Despite the initial reaction from financial markets, the air-strikes were carried out successfully without hindrance from Syrian forces. As a result, prices pulled back swiftly from their Tuesday peak at $1235, reaching lows of $1206 on Thursday morning.
In addition to the above, a Thursday afternoon attempt at recovery also fizzled out when on Friday, US GDP figures for the second quarter were released. These illustrated a sharp upward revision to output during the period, with the actual figure coming in at 4.6% as opposed to the previous estimate of just 4.2%.

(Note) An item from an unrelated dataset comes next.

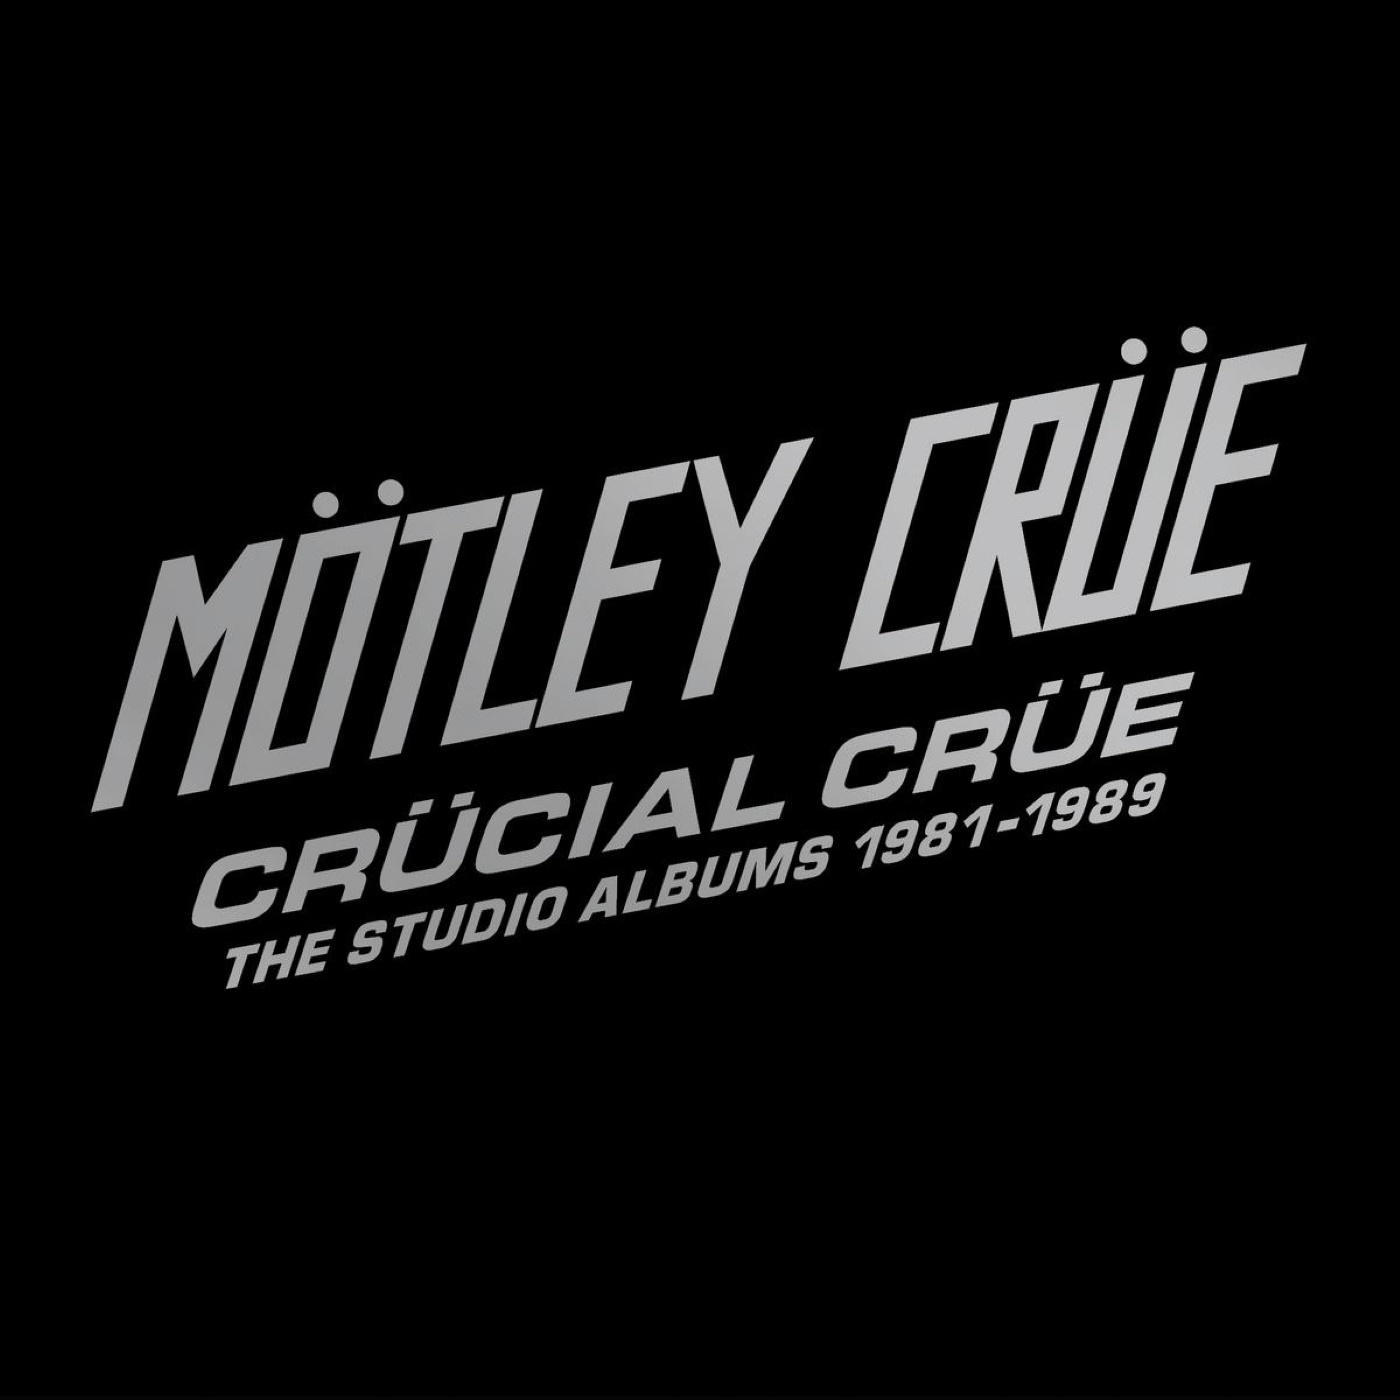 - Mötley THE - CRUCIAL ALBUMS - Crüe 1981-1989 CRUE STUDIO (Vinyl)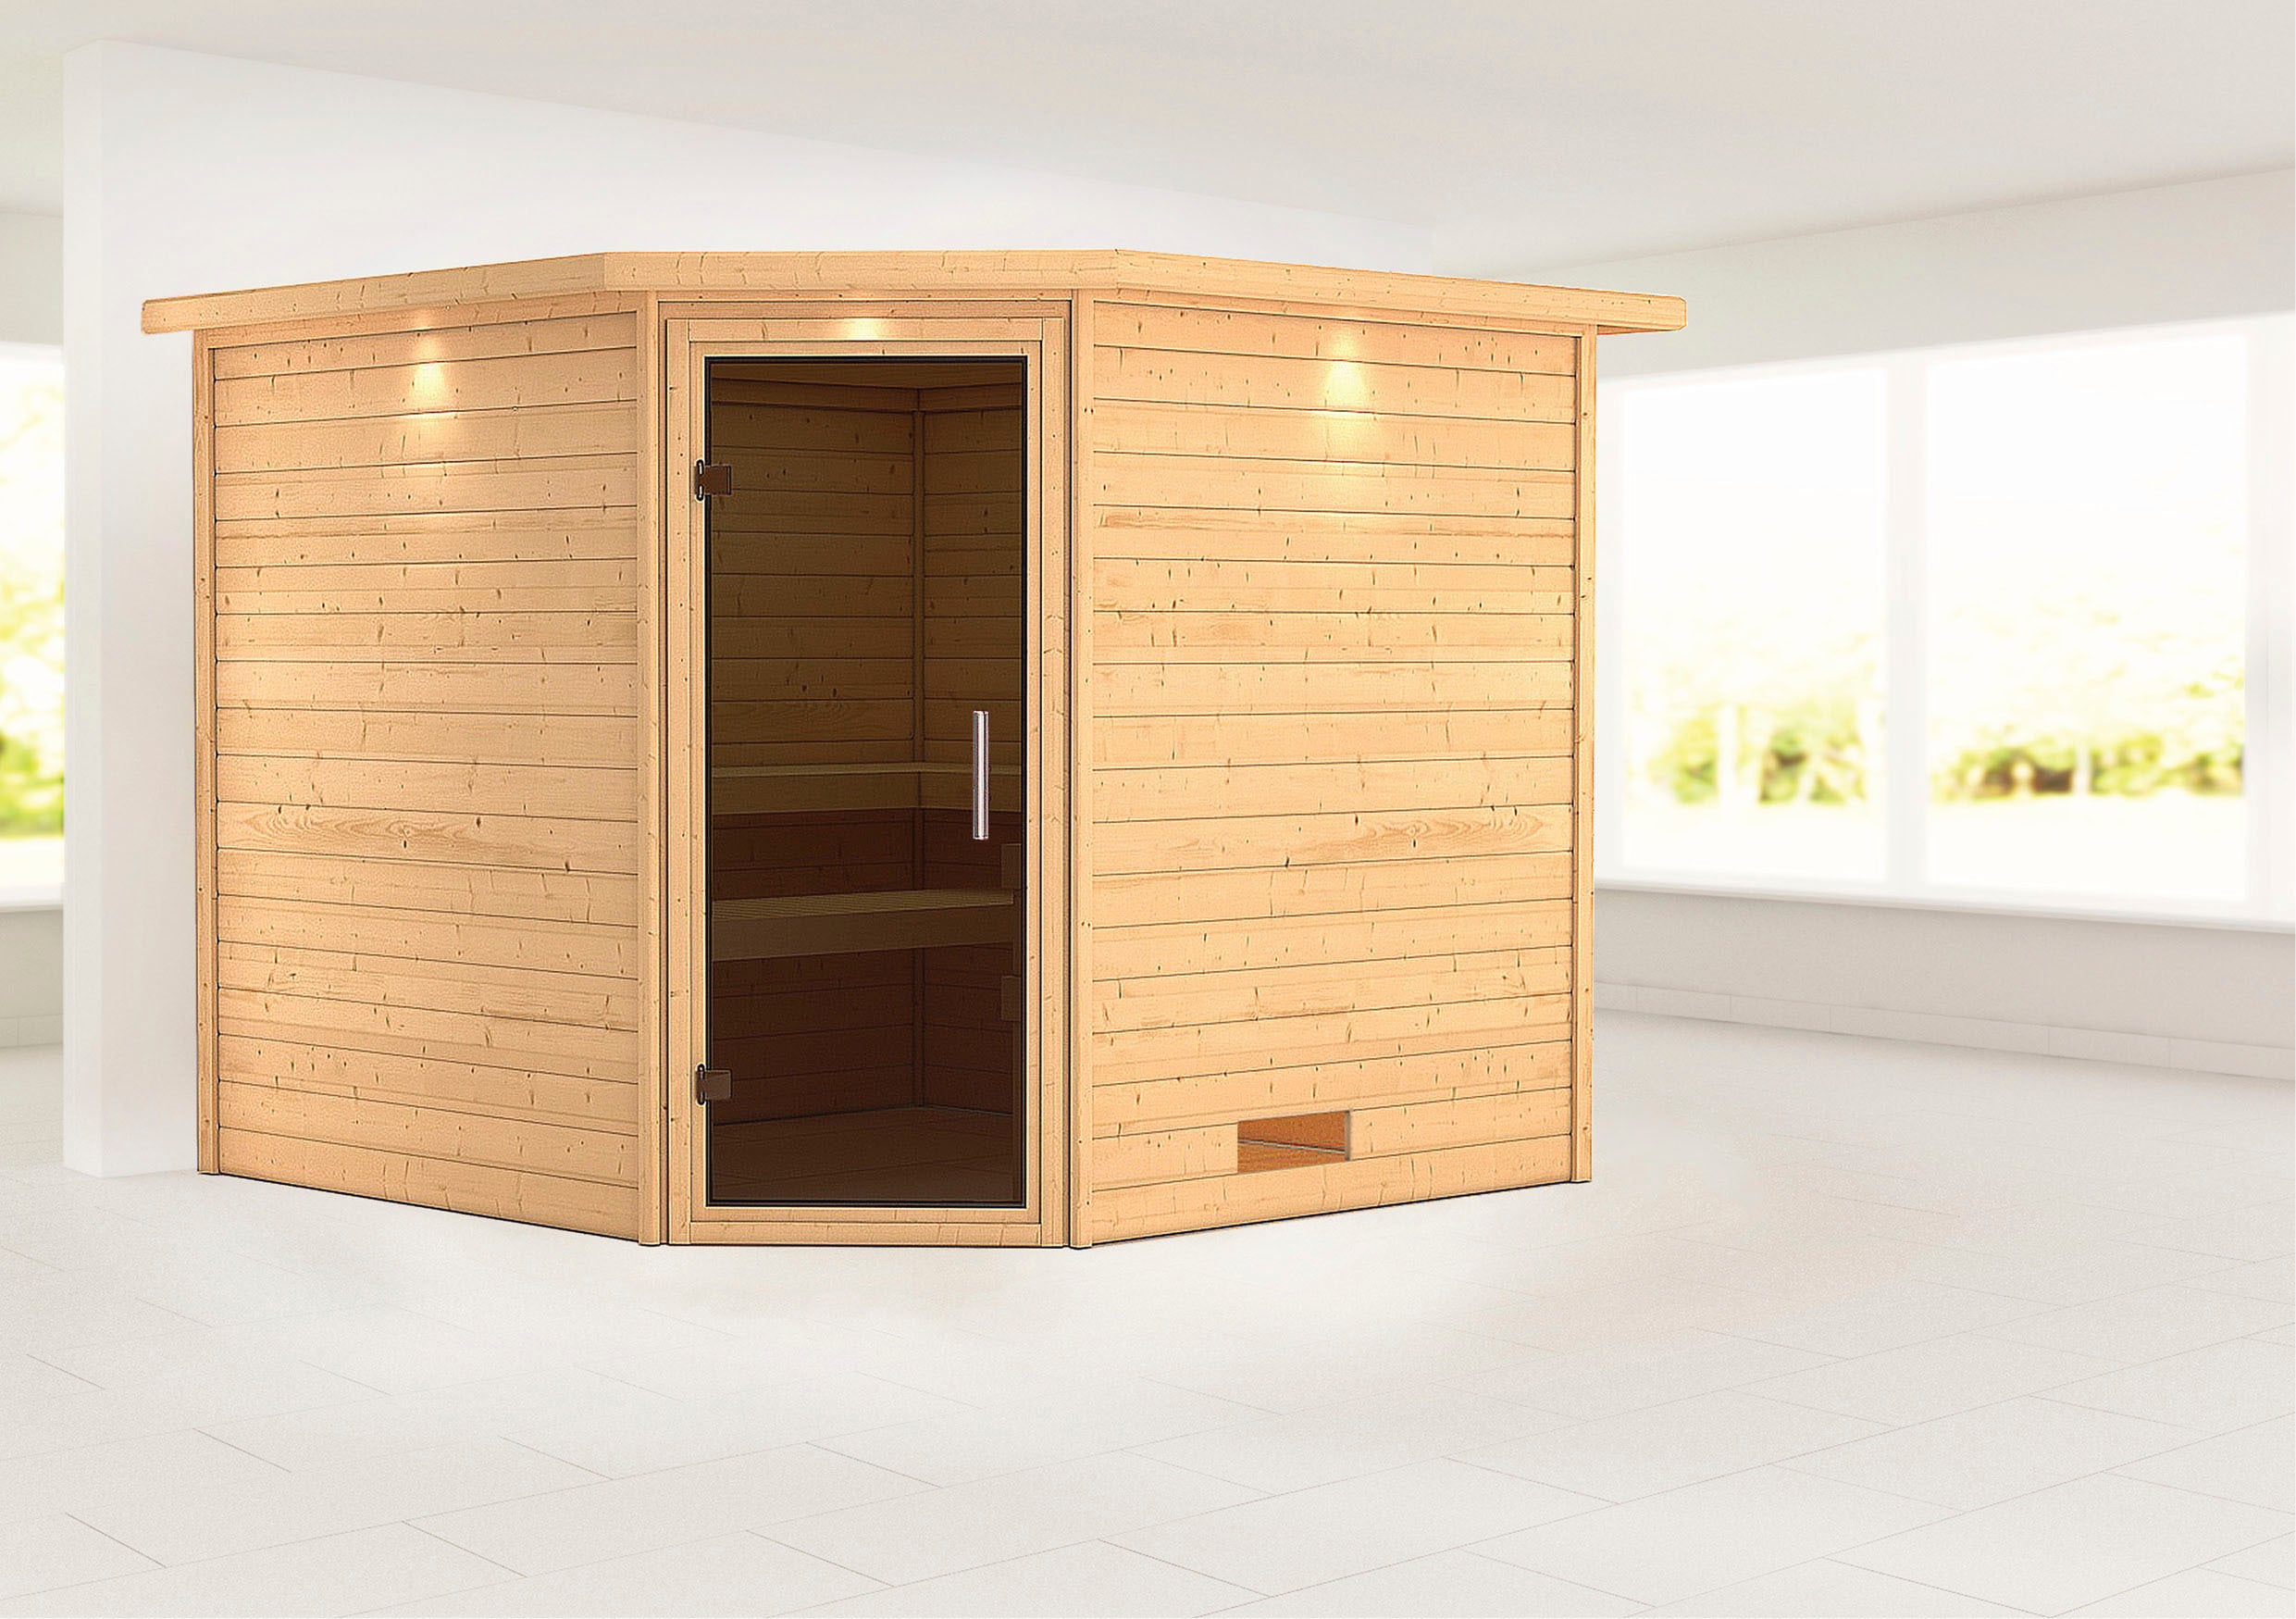 Karibu Sauna ""Leona" mit Kranz und graphitfarbener Tür naturbelassen"

All in all, the week’s events have served to further cultivate an already negative environment for gold. With physical demand falling, China stabilising and both the US & UK economies transitioning toward a rising rate environment; incentives for holding the metal are not what they once were.
While geopolitical and conflict risks are likely to ensure that the path ahead for gold is not straightforward, the metal appears determined to revisit its previous low of $1180; a point which also forms a key long term support level.
Should this give way and a move below become sustained, then we would view this as a green light for a further leg downwards and a confirmation that the longer term downward trend has resumed.Under this scenario, we would view it as only a matter of time before the $1000.00 per ounce level comes into view.